─── SOURCE DATA ───

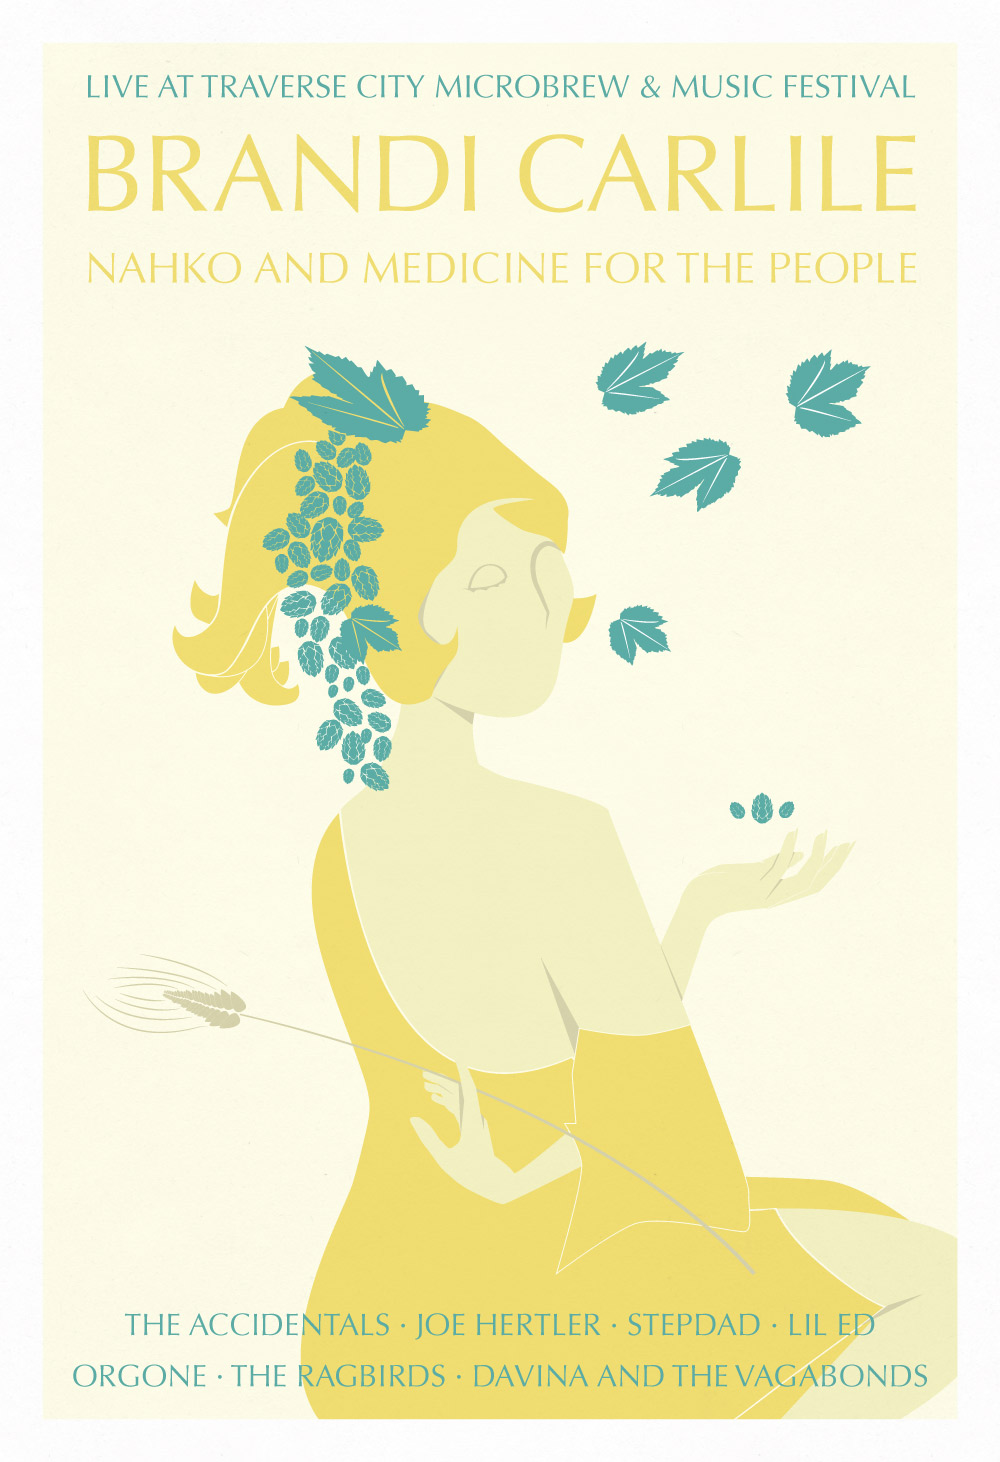 Brandi Carlile Gig Poster
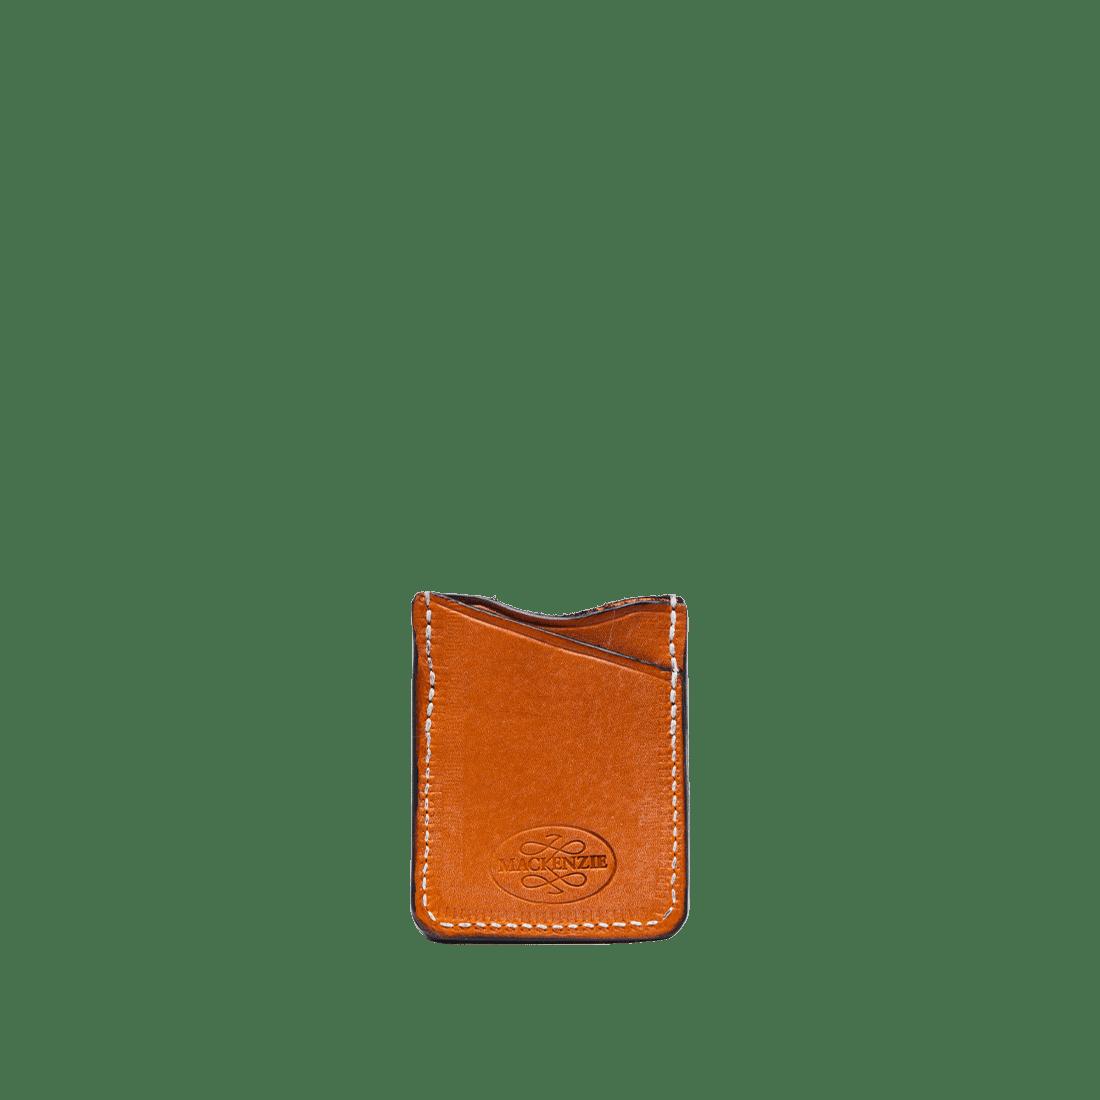 The Oak Card Holder London Tan
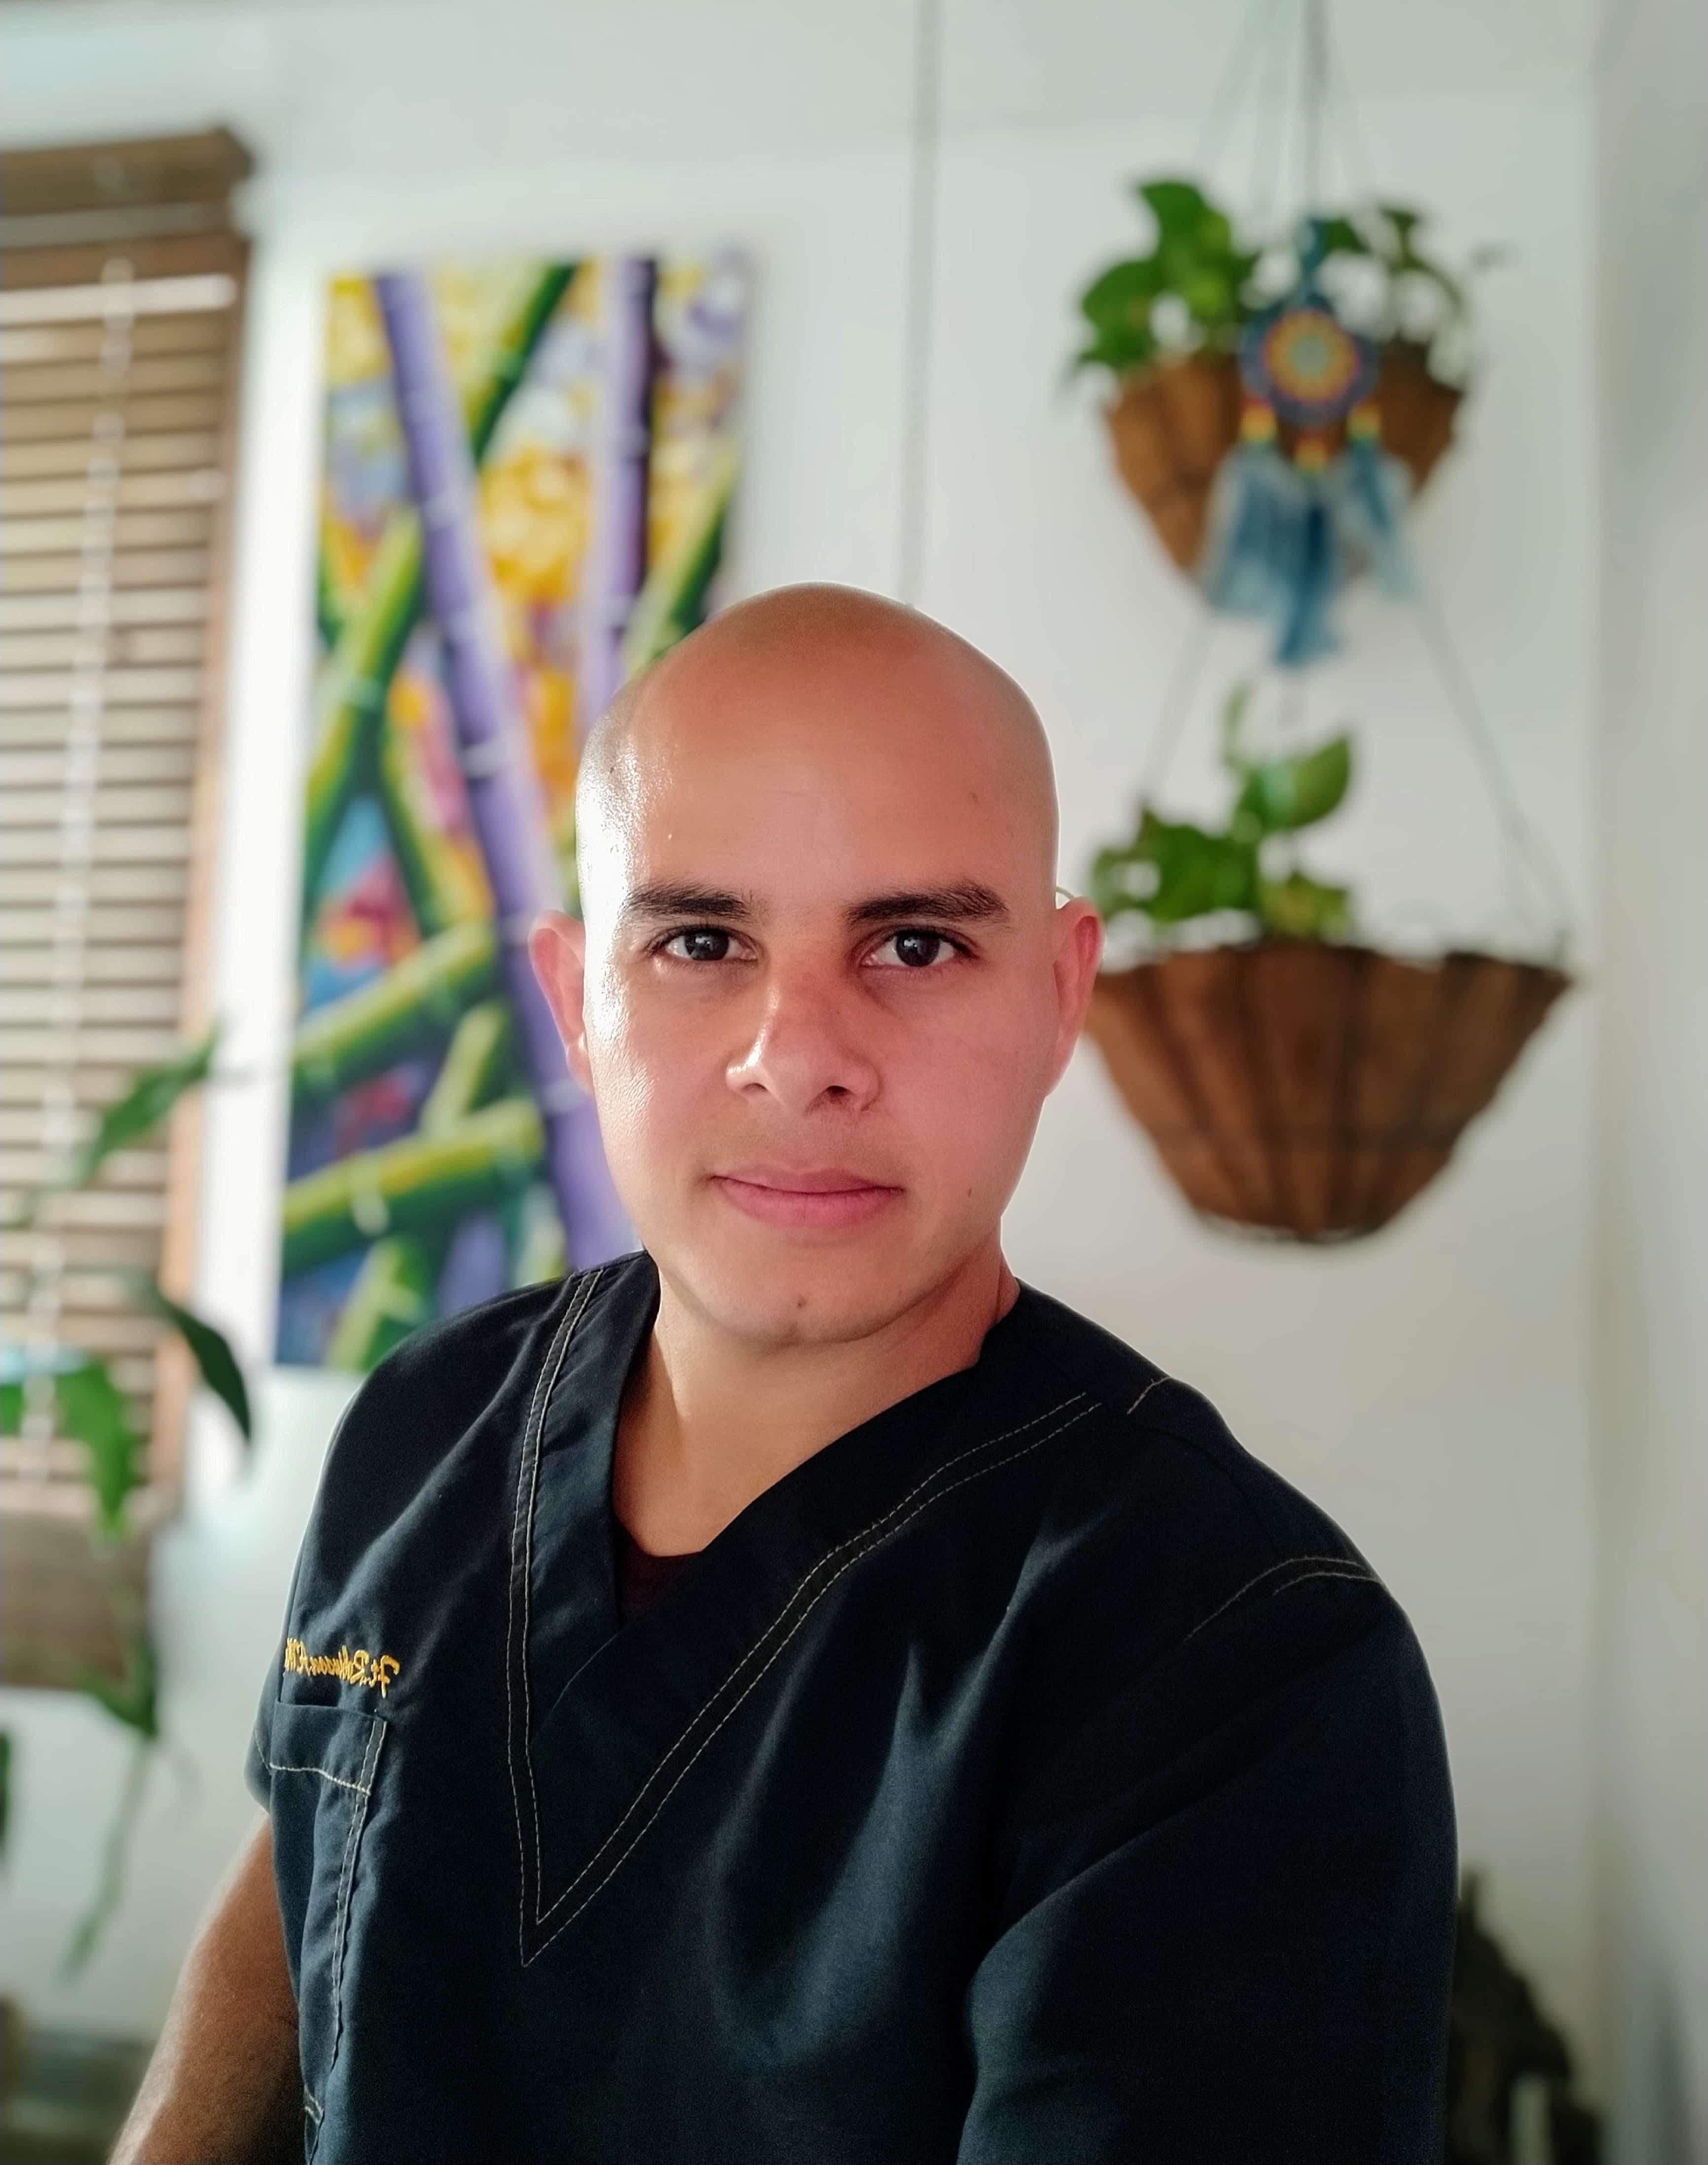 Robinson-Marquez

───

• [WHAT THE EXERCISE ASKS]: From the line containing "The Oak Card Holder London Tan" through the final line of the listing above, reproduce every line exactly, with no pictures.

• [WRITTEN REPLY]:
 The Oak Card Holder London Tan
 Robinson-Marquez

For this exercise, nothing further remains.